The most comprehensive and persuasive evidence regarding Student’s current strengths and needs came from the expert testimony of Student’s treating psychiatrist at Chauncy Hall (Krishna Rajadhyaksha, MD) and the Chauncy Hall clinical director (Margaret Moore, LICSW). Together, they have a thorough and current knowledge of Student and his emotional and behavioral needs; they are both highly experienced clinicians; and they each provided credible, expert testimony. Their testimony explained, in detail, the reasons that, in order to continue to make effective educational progress, Student requires a residential educational placement. In a letter dated June 18, 2009 and addressed “To whom it may concern,” Ms. Moore provided further explanation regarding her opinions and recommendations for Student. Exhibit DMH-29. All of this evidence provided compelling expert opinion that a residential educational placement is needed for Student in order for him to receive FAPE. Because Fall River did not effectively oppose or contradict the expert testimony of Dr. Rajadhyaksha and Ms. Moore, their testimony was essentially unrebutted (see further discussion of this point near the end of this part of the Decision).

I make the following findings, based upon the expert testimony of Dr. Rajadhyaksha and Ms. Moore, and the letter from Ms. Moore.

Student continues to be an extremely anxious person who has substantial difficulty trusting others. Because of his emotional and behavioral deficits, he also has substantial difficulty with transitions within the day (for example, at the end of the school day) as well as with larger, life transitions, and he requires consistency (including staff consistency) throughout the day and evening in order to make progress. As a result of his extreme anxiety, his difficulties with trust, and his need for consistency, Student has required while at Chauncy Hall (and he continues to require) a sense of safety, trust, stability, structure, and dependability at all times of the day. This is available only in a residential program. Testimony of Rajadhyaksha, Moore; exhibit DMH-29.
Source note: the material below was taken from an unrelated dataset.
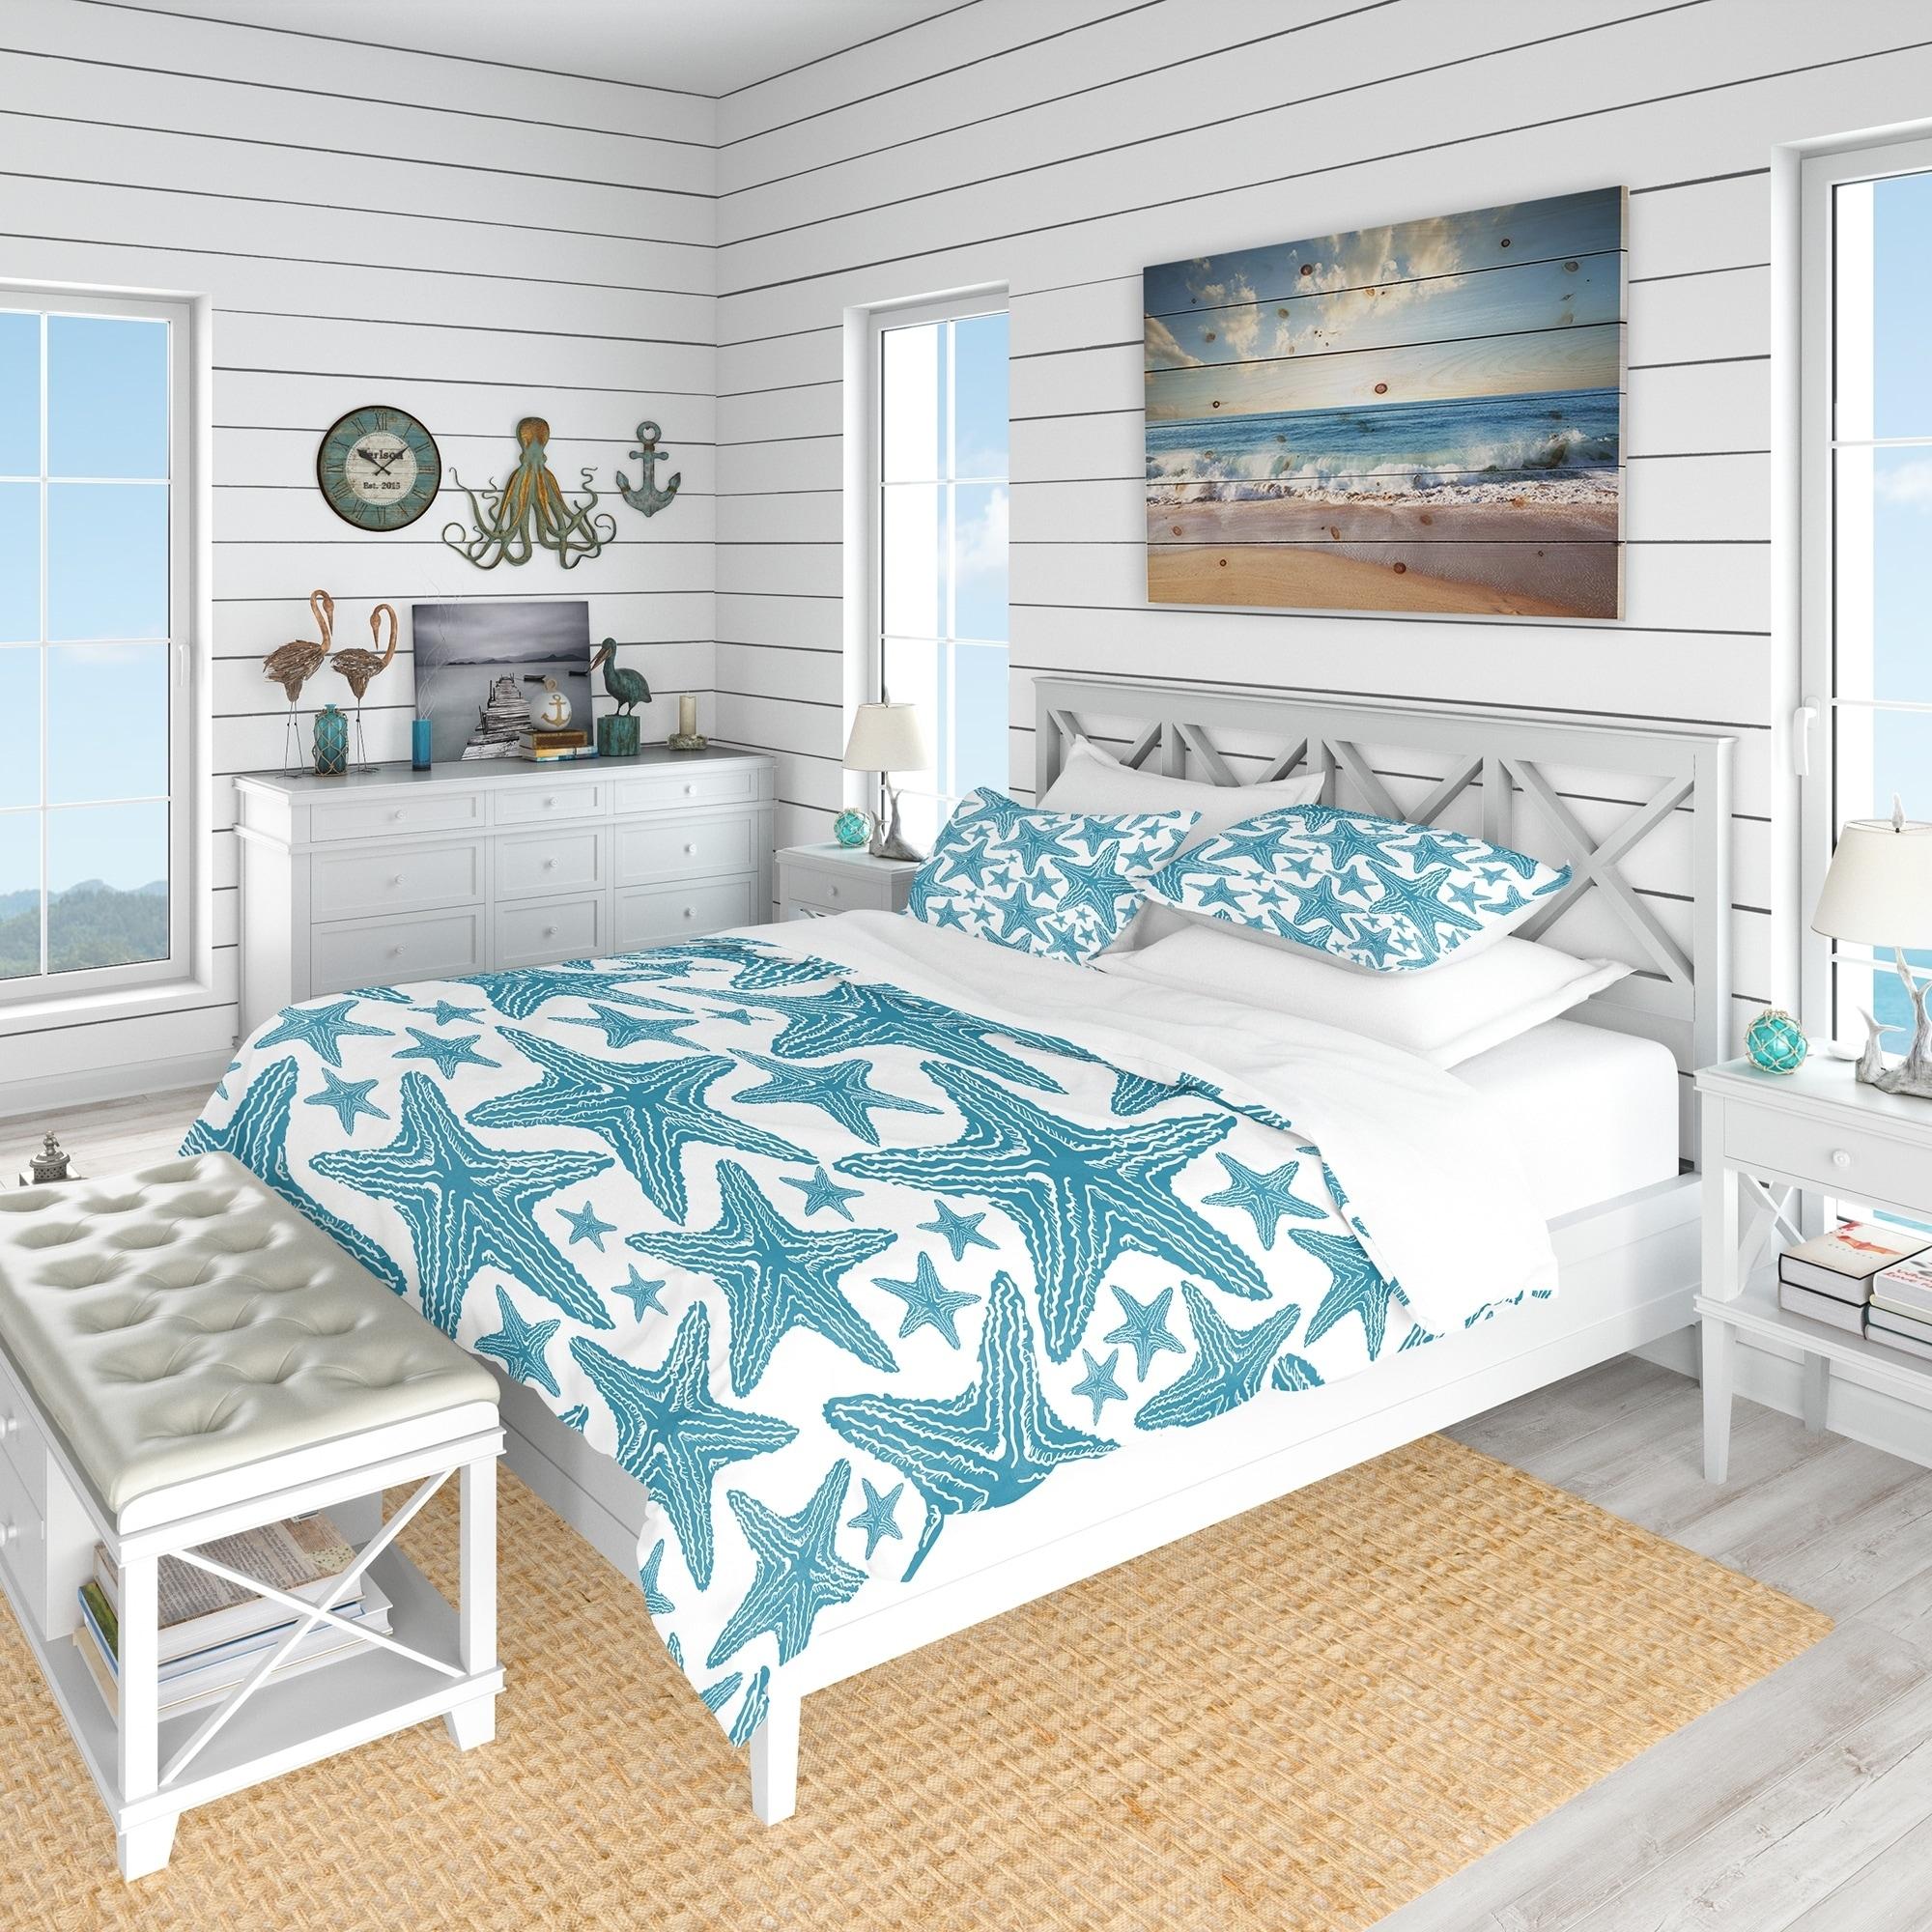 Designart Pattern Of Blue Starfish Coastal Bedding Set Duvet Cover Shams Overstock 23506317 Full Queen Cover 2 Shams Comforter Not Included

At times, Student demonstrates high levels of shame and guilt. Shame and guilt can occur, for example, if Student does not complete his homework correctly in the evening or if he does not respond correctly in class. Student has a very difficult time letting go of guilt and shame once it occurs, with the result that he often carries the guilt and shame with him for a significant period of time. The guilt and shame typically lead to high levels of anxiety and physical restlessness. Implications of this anxiety and restlessness are that he may not sleep well at night, he may miss class time because he has missed sleep, and either he may refuse to attend class because he is upset or he may become so upset that he must be removed from the classroom. Chauncy Hall staff have found that when guilt or shame, followed by anxiety and physical restlessness, occur during the classroom, it is insufficient simply to remove Student to a time-out room at school since this continues to fuel Student’s sense of shame. Rather, he requires that the residential milieu staff come to the school and bring him back to the residence where he is then able to calm down without continued the anxiety from being seen by his peers at school. This is one example of the continuing importance of having the resources of a residential program available to Student on an around-the-clock basis, including during the evening hours to help with academics and during the day to remove Student from class when necessary. Testimony of Rajadhyaksha, Moore; exhibit DMH-29.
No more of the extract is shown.